Your assignment: Transcribe the listing exactly, skipping every picture.

Information provided:
|---|

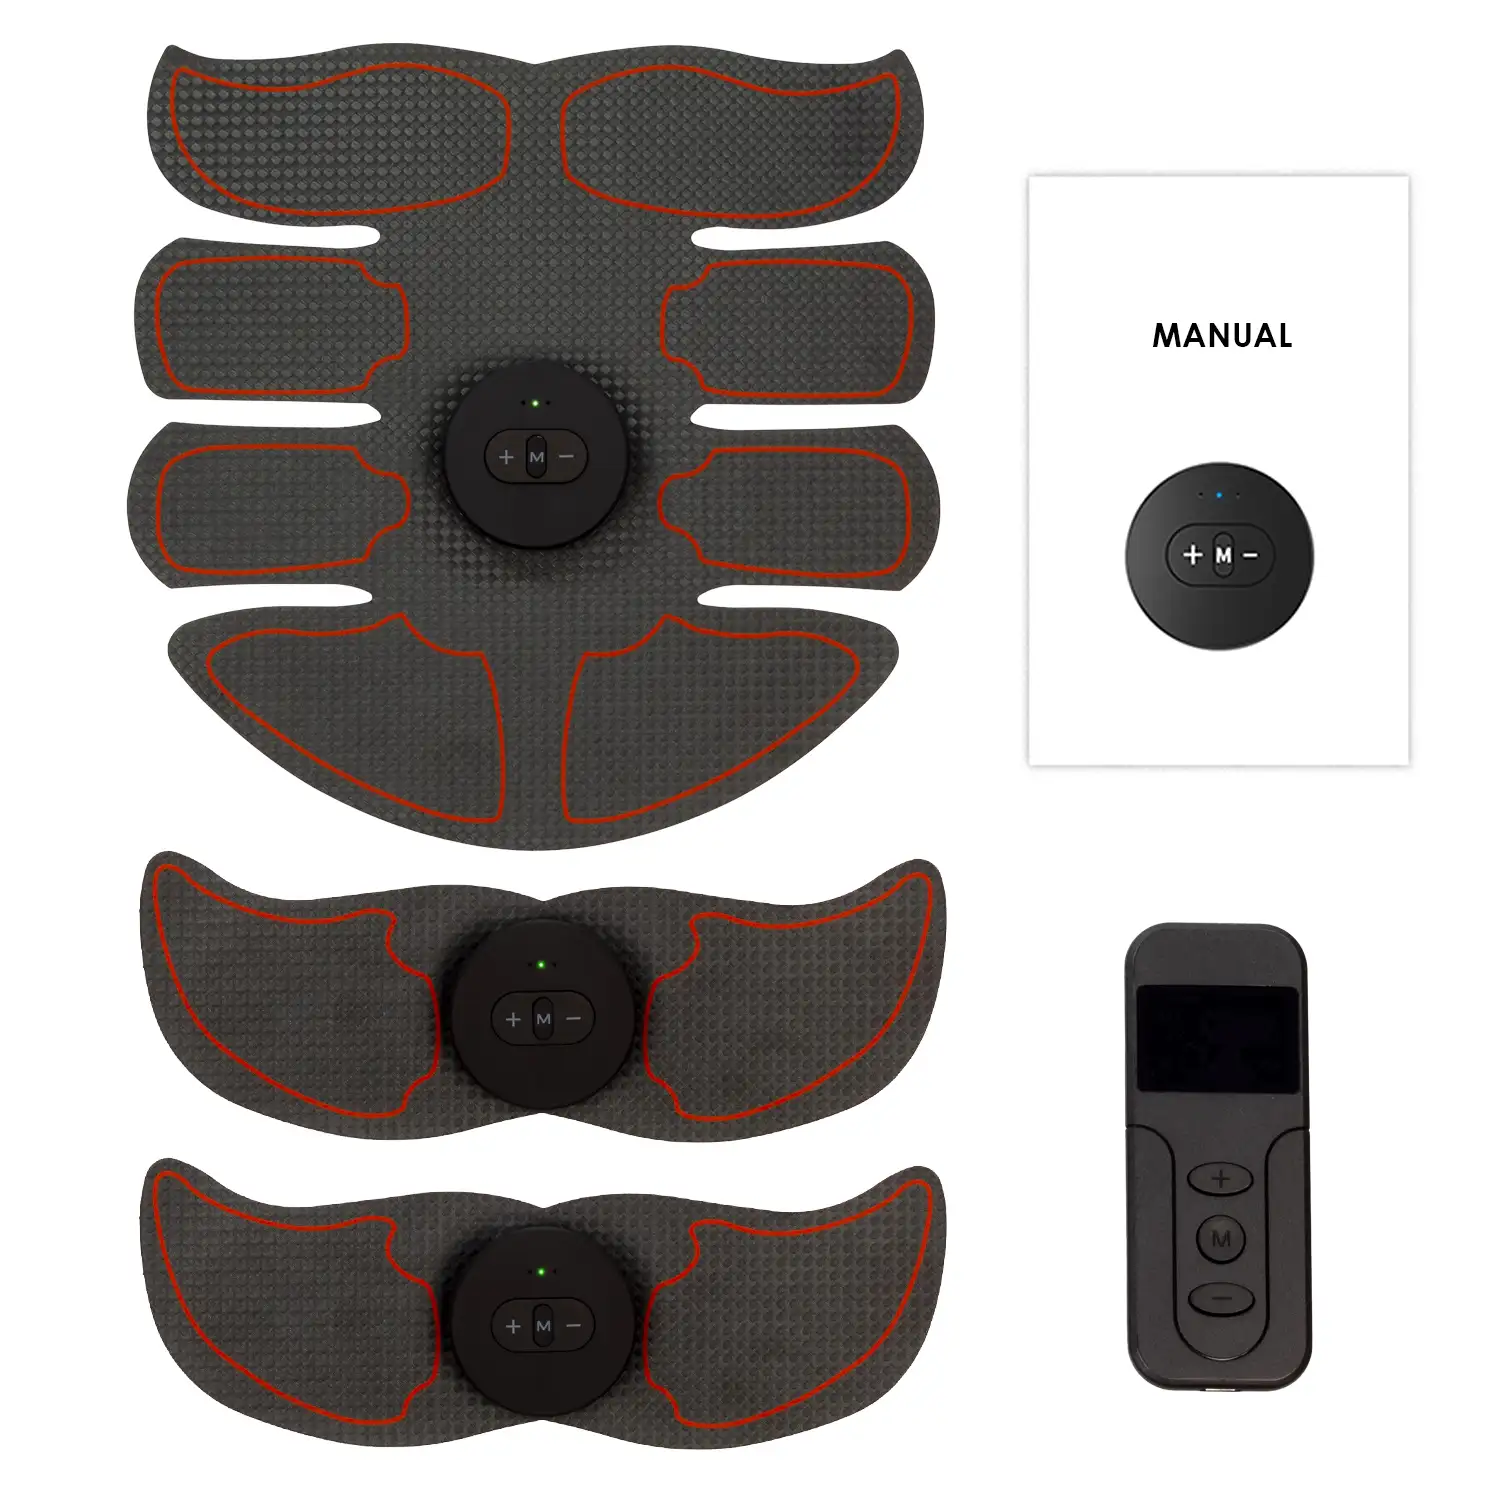 Estimulador electrónico y masaje EMS Z81Q con mando a distancia. Para abdominales, brazos y piernas. Batería recargable.
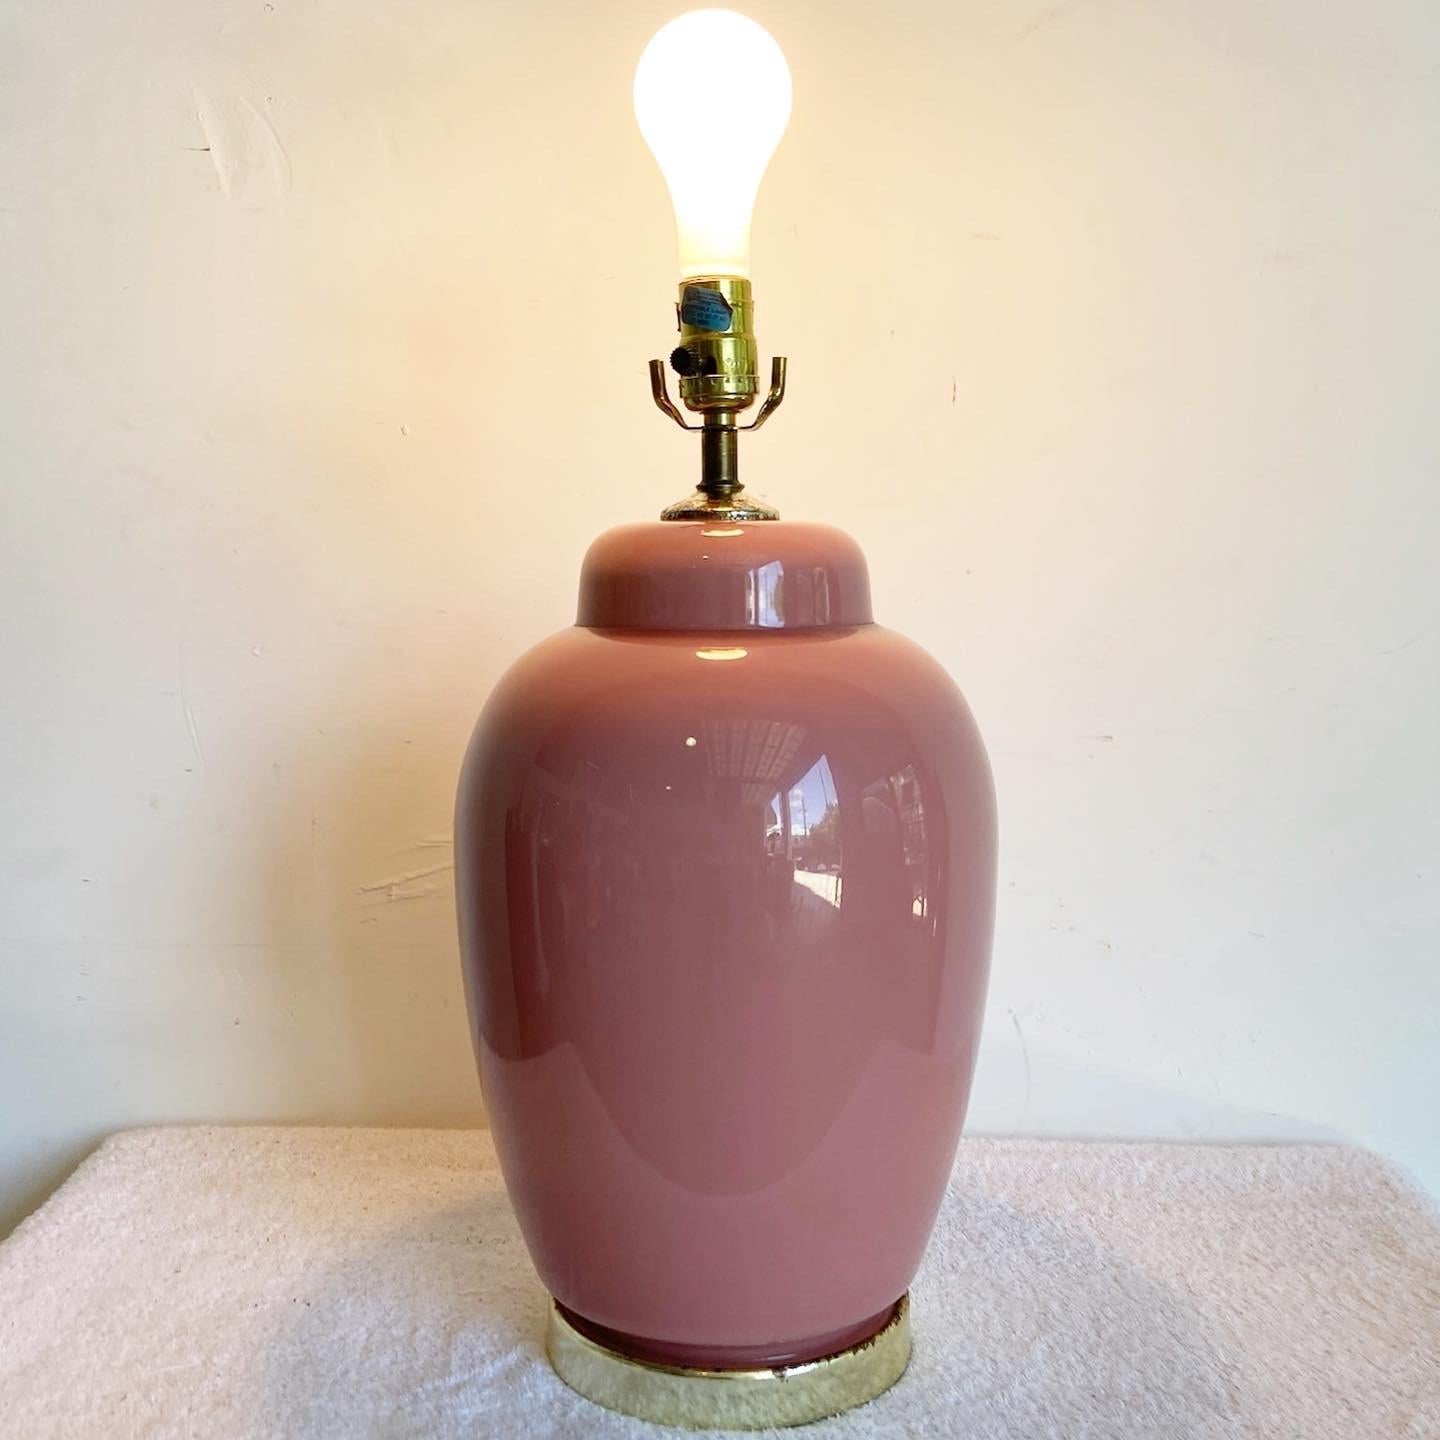 Wir präsentieren unsere postmoderne Tischleuchte aus rosafarbener, glänzender Keramik, eine Mischung aus zeitgenössischem Design und eleganter Ästhetik. Mit ihrem eleganten Keramiksockel in leuchtendem Pink verleiht diese kompakte Lampe jedem Raum
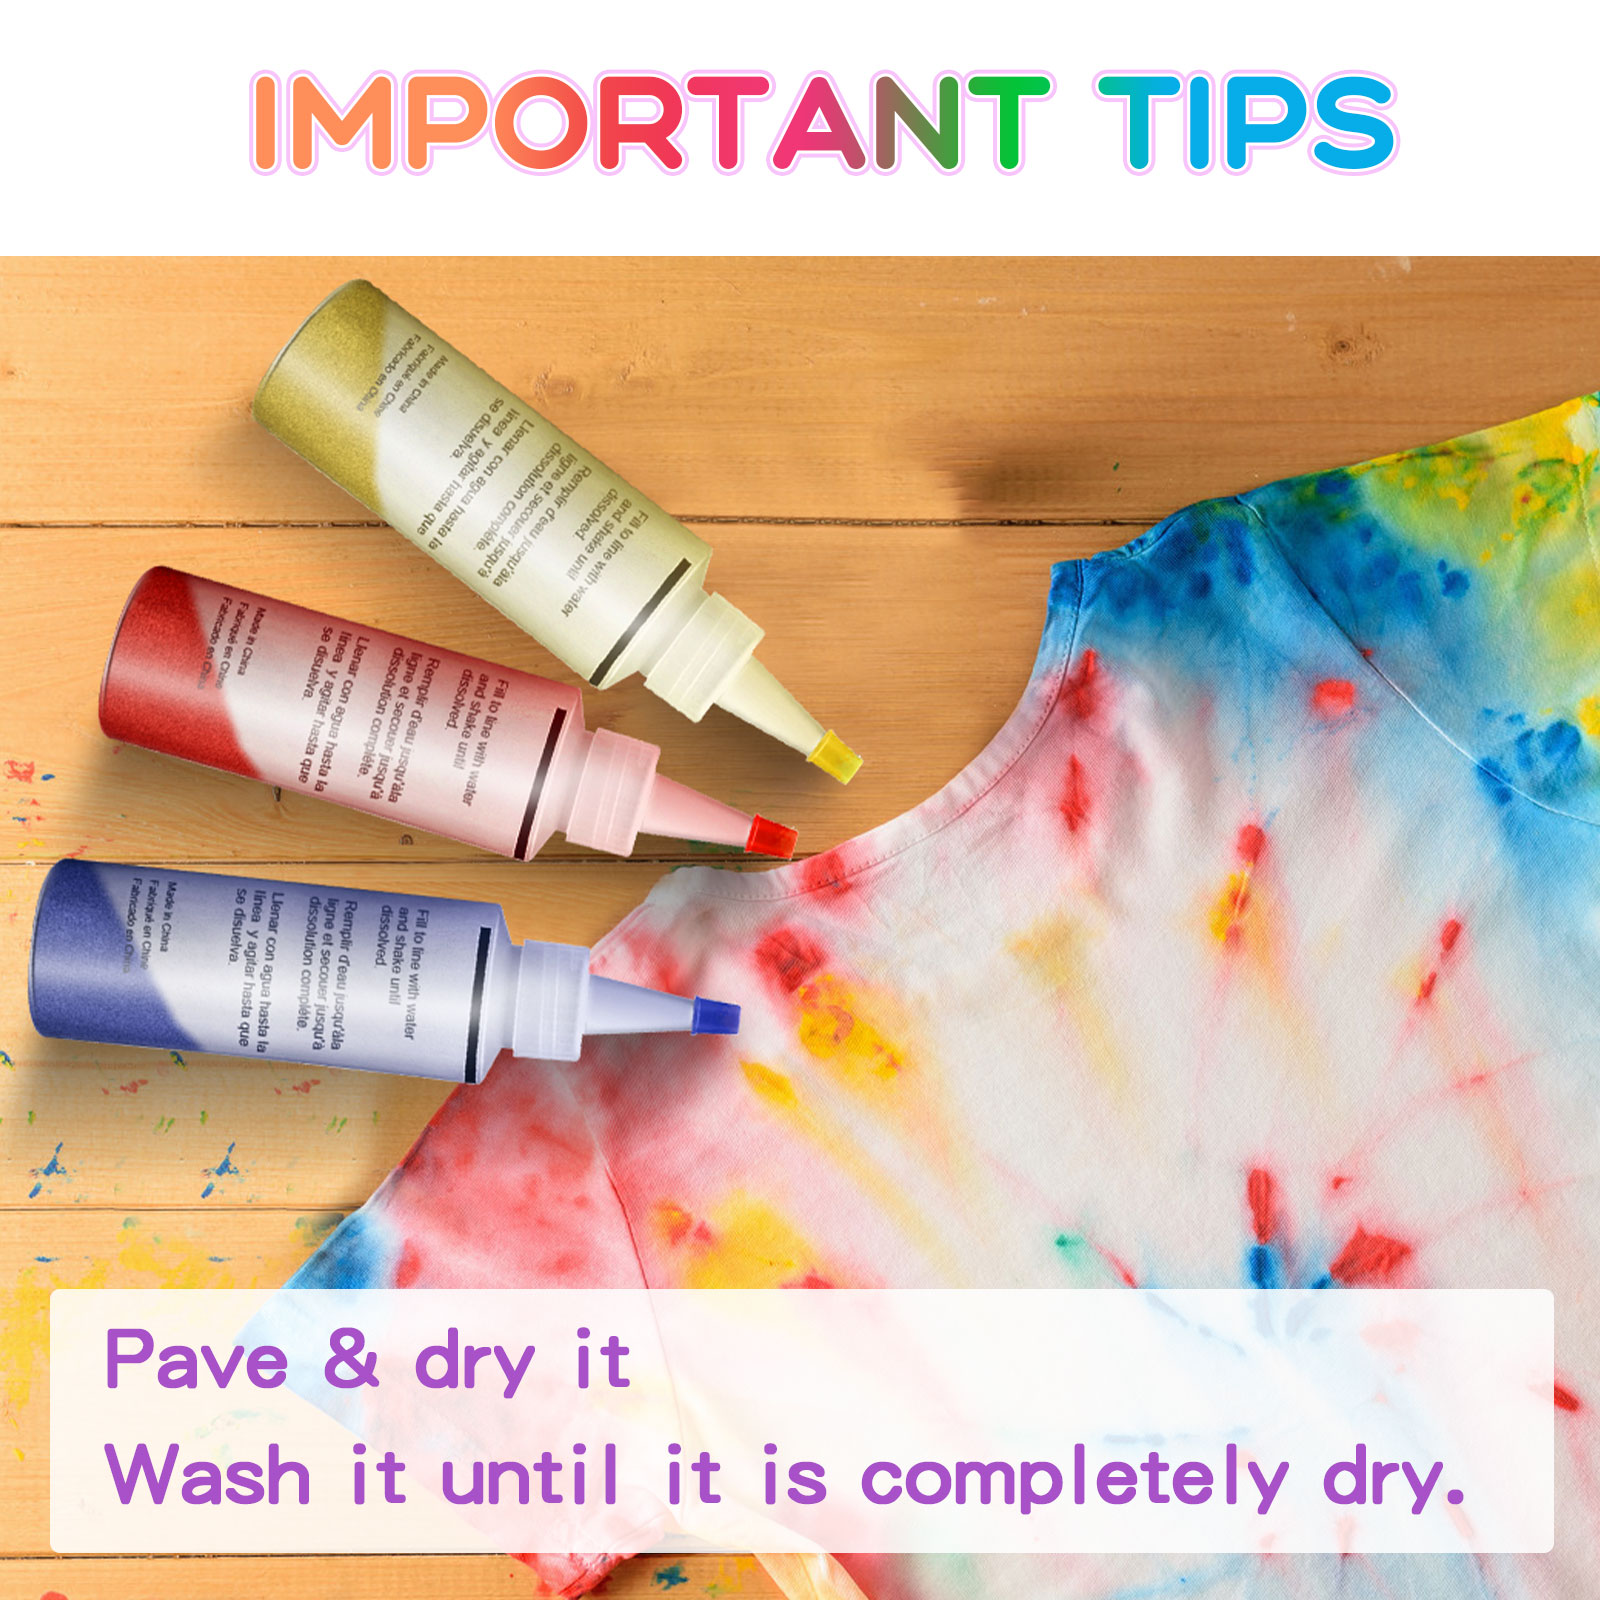 Tie-Dye-DIY-Kit-5-Colors-Fabric-Textile-Shirts-Paints-Permanent-Paint-for-Clothes-Shirt-Dress-Homema-1906746-4

|---|

Exercise result:
 Estimulador electrónico y masaje EMS Z81Q con mando a distancia. Para abdominales, brazos y piernas. Batería recargable.
 Wir präsentieren unsere postmoderne Tischleuchte aus rosafarbener, glänzender Keramik, eine Mischung aus zeitgenössischem Design und eleganter Ästhetik. Mit ihrem eleganten Keramiksockel in leuchtendem Pink verleiht diese kompakte Lampe jedem Raum
 Tie-Dye-DIY-Kit-5-Colors-Fabric-Textile-Shirts-Paints-Permanent-Paint-for-Clothes-Shirt-Dress-Homema-1906746-4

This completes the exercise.